Di tahun ini, kebangkitan humanisme internasional diawali dengan terjadinya krisis kemanusiaan di Palestina. Tak lain karena okupasi militer Israel terhadap rakyat di tanah Palestina. Jutaan orang dari berbagai negara pun mengecam aksi sepihak Israel.
Tercatat kurang lebih 9.900 jiwa meninggal, dan ribuan lainnya terdampak akibat perang. Selain persoalan politik global, yang mulai menampakkan sikap saling berhadapan dalam bloknya masing-masing. Dunia kini tengah dihadapkan dengan krisis multidimensi.

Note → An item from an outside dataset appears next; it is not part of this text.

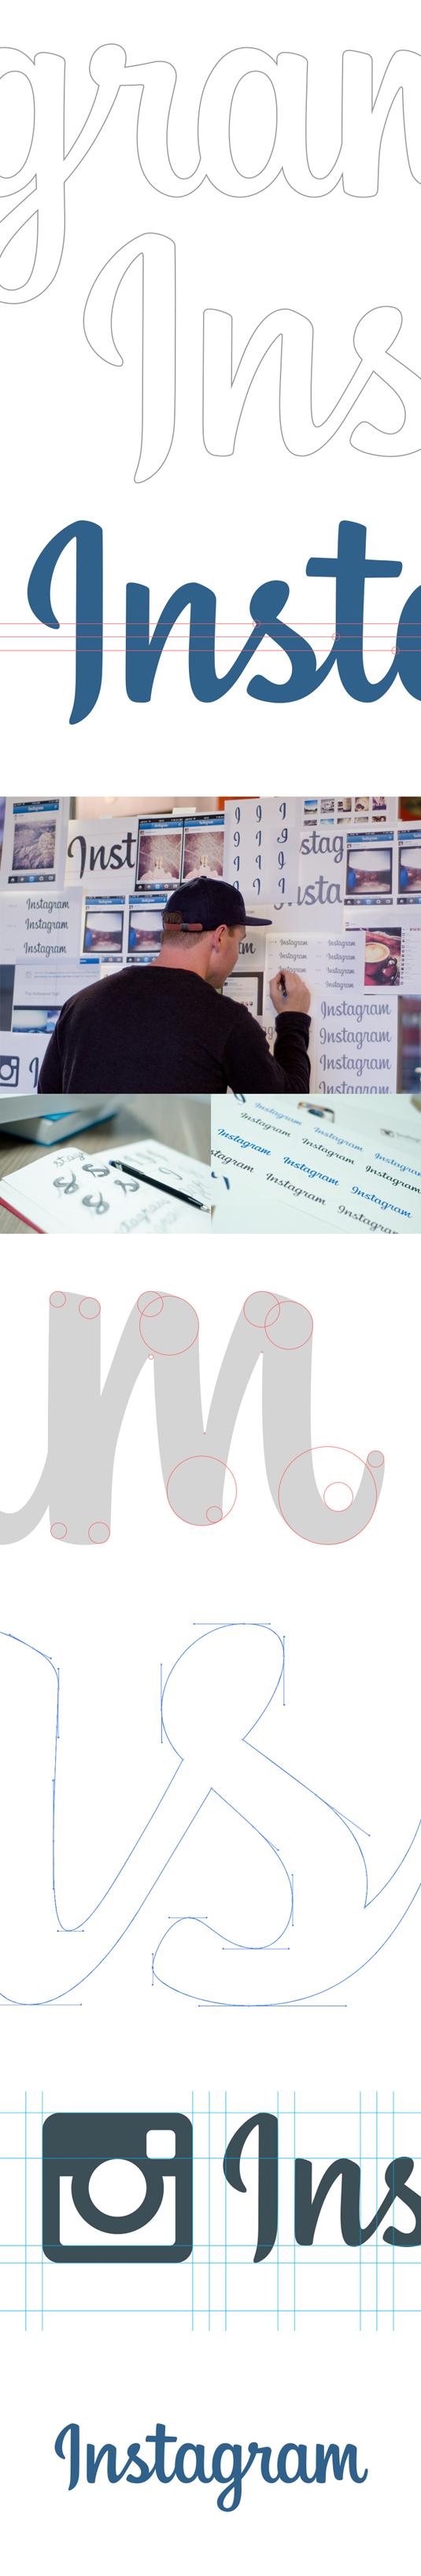 New Instagram logo process

Sebuah era dimana perdamaian dunia kembali diusik ketenangannya. Hal serupa seperti era pra Perang Dunia 1 dan 2. Khususnya kala Perang Dingin berkecamuk di dunia. Krisis internasional kini berulang, dengan sikap terbuka antar negara untuk saling berperang.
Jika Perang Dunia 3 terpantik atas persoalan ini, tentu akan sangat merugikan bagi semua pihak. Bagi bangsa-bangsa yang berdaulat atas hak perdamaian dan kemerdekaannya. Maka wajar, jika reaksi humanisme internasional kembali mengemuka.

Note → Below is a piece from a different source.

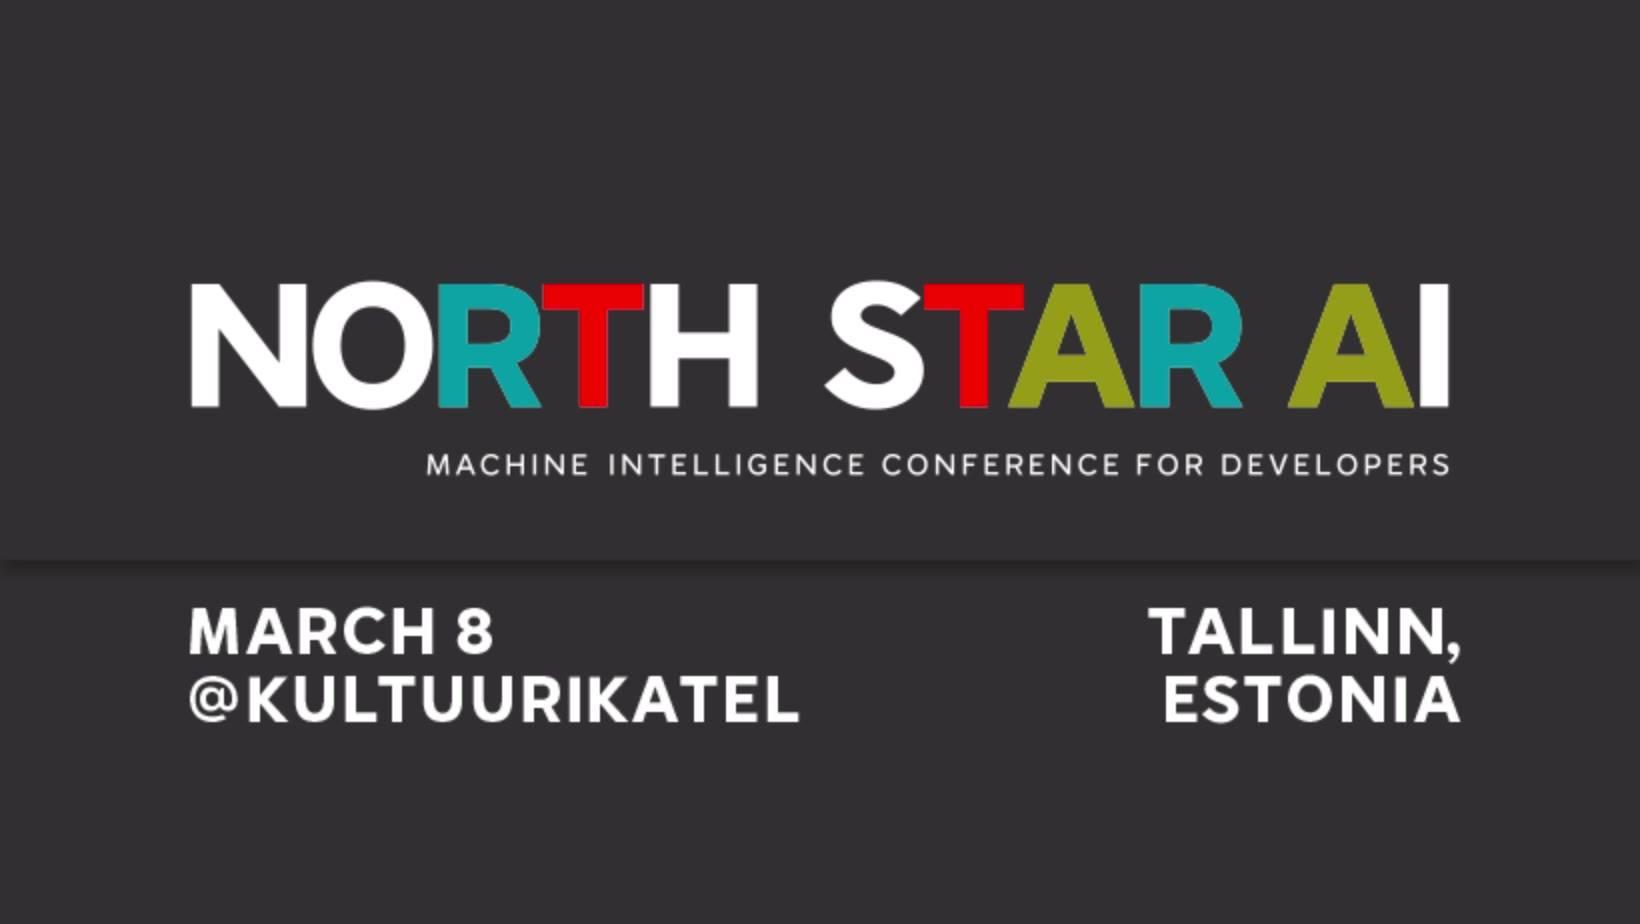 6406North Star AI. Masinintellekti konverents arendajatele.

Dalam hal ini tentu saja demi kedamaian di Palestina, dengan harapan dapat mengurangi jatuhnya korban jiwa dari berbagai pihak. Bukan semata-mata memberi dukungan moril, melainkan dukungan politis, sebagai bentuk sikap masyarakat dunia.
Sama halnya ketika Indonesia menghadapi Belanda yang hendak menguasai kembali wilayahnya. Gerakan humanisme internasional yang tampak, diwujudkan dalam bentuk aksi boikot internasional terhadap aksi polisionil Belanda.
Penarikan duta besar dari pemantik krisis kemanusiaan kiranya menjadi simbol politik yang tegas. Catatan dari berbagai sumber pun menjelaskan reaksi masyarakat internasional yang mengutuk aksi Israel mengokupasi wilayah Palestina.
Kesadaran hak atas bangsa yang merdeka, serta landasan hak asasi manusia, menjadi dasar gelombang aksi "semangka" di berbagai belahan dunia. Tak luput dengan Indonesia, yang secara politik dan sosial memberi dukungan penuh bagi bangsa Palestina.
Terhitung, ada sekitar 4.000 jiwa kanak-kanak yang meninggal selama konflik berlangsung hingga saat ini. Penduduk sipil, sarana, dan fasilitas kesehatan yang dilarang dijadikan target sesuai Konvensi Jenewa pun tak luput dari serangan.
Persoalan pelanggaran HAM, dan kemanusiaan inilah kiranya menjadi aspek utama yang harus diselesaikan. Perserikatan Bangsa-Bangsa (PBB) yang seharusnya mampu meredam konflik, pun seakan dibuat tidak berdaya.